Tagetik develops and sells cloud and on-premises corporate performance management software applications for use by corporate finance teams and their business users.

History
Tagetik has headquarters in Lucca, Italy and Stamford, Connecticut. In July 2014, the company announced $36 million in outside funding. In June 2015, the company acquired iNovasion, a Netherlands-based company, and opened its Benelux direct operation. In February 2016, Tagetik established Tagetik GmbH, a direct operation for the German, Austrian, and Swiss markets.  In September 2016, the company opened a new office in Brussels. In December 2016, Tagetik established Tagetik Nordic AB, a direct operation for the Swedish, Norwegian, Finnish, Danish, and Icelandic markets, and opened a new office in Stockholm.

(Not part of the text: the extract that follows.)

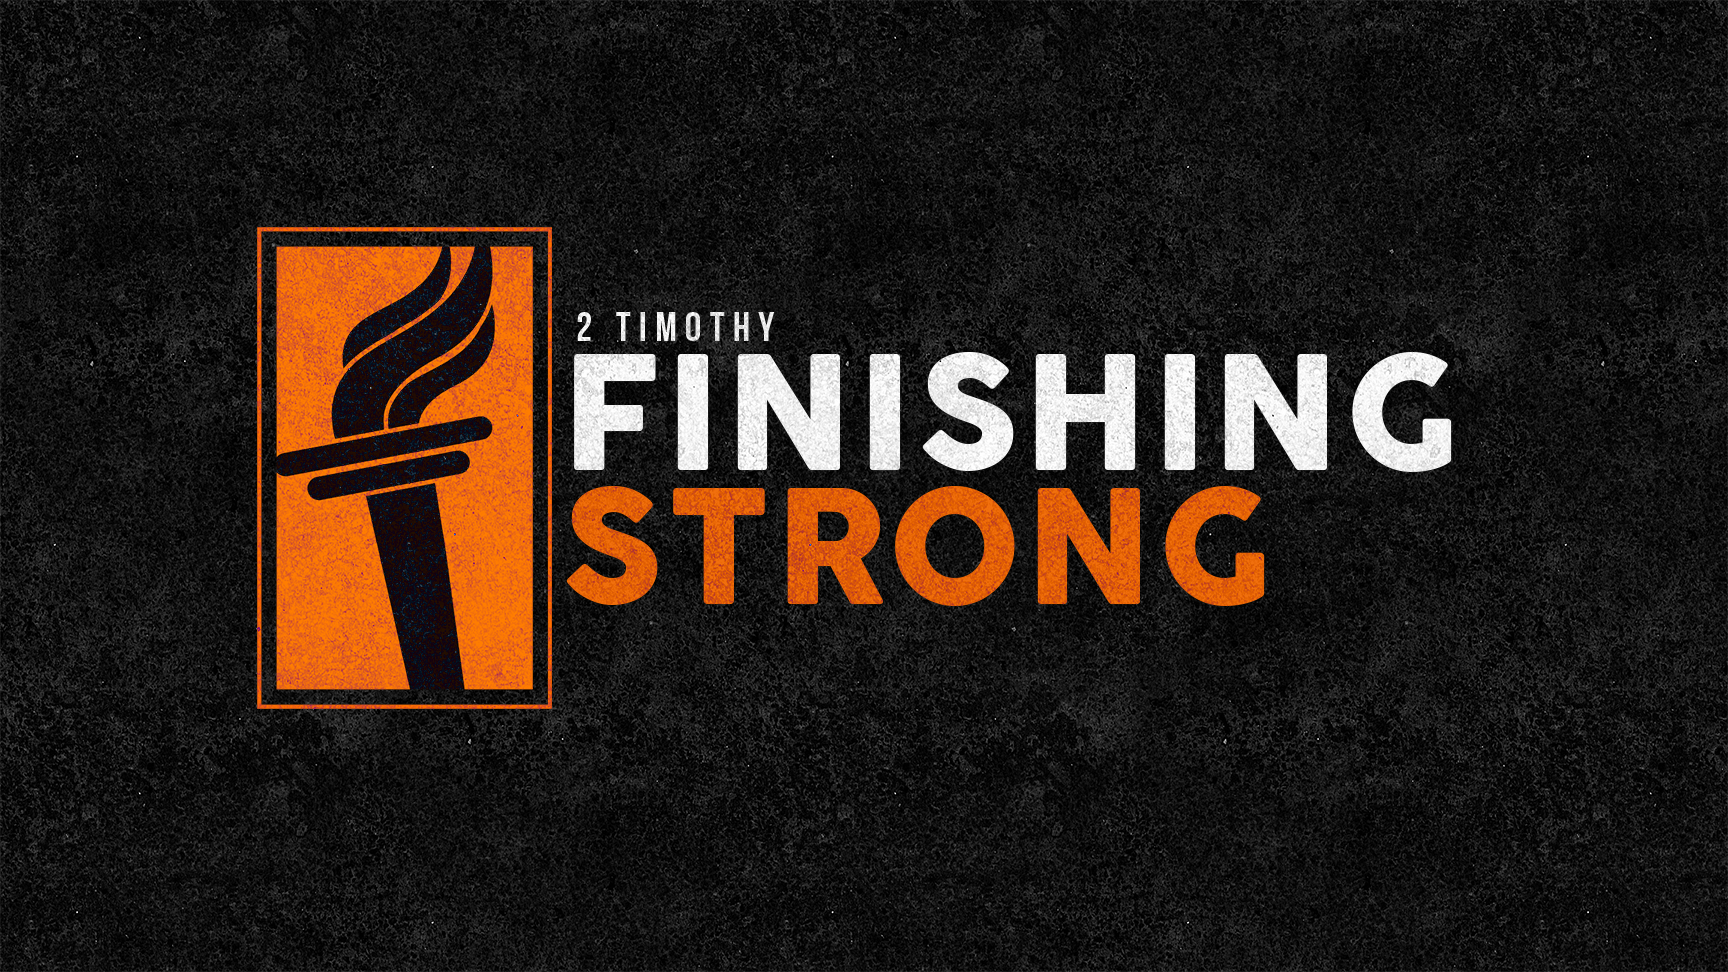 Featured image for “Finishing Strong”
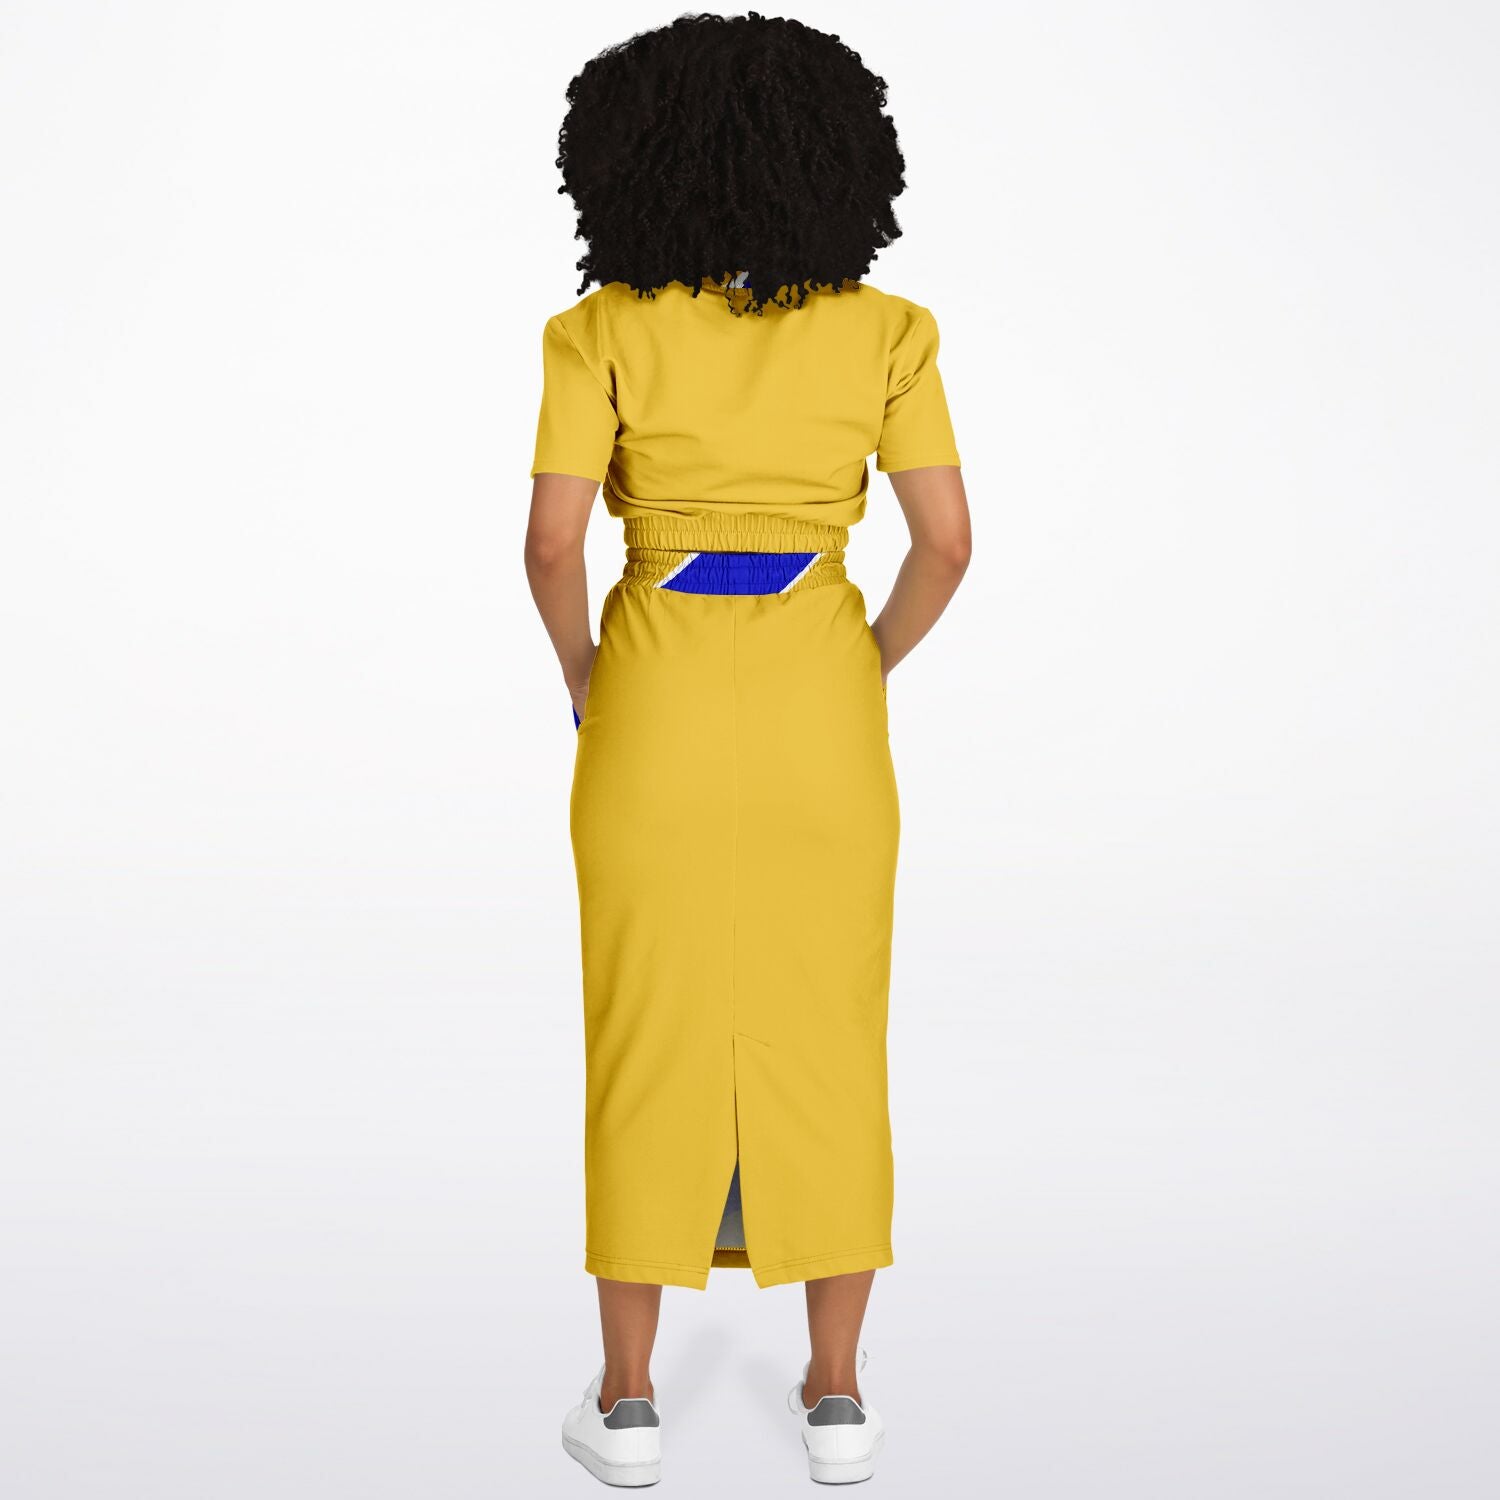 Trends Bright Blue & Gold Cropped Skirt Set

On 6 April 2017 Tagetik was acquired by Wolters Kluwer.

Product
The company’s software monitors and manages financial performance and processes, such as budgeting, consolidation, planning and forecasting, disclosure management, and reporting. The software uses Microsoft Office, using Microsoft Excel, Word and PowerPoint for input and report templates. The software also has connectors to Microsoft Power BI, SharePoint, SQL Server, Dynamics AX and NAV and runs on Microsoft Azure.
 
Tagetik runs on Microsoft SQL Server, PostgreSQL, Oracle or SAP HANA databases. The company also has developed a connector to the Qlik Analytics Platform and to SAP to automate extracting and mapping data and metadata from SAP ECC FI, and BW tables.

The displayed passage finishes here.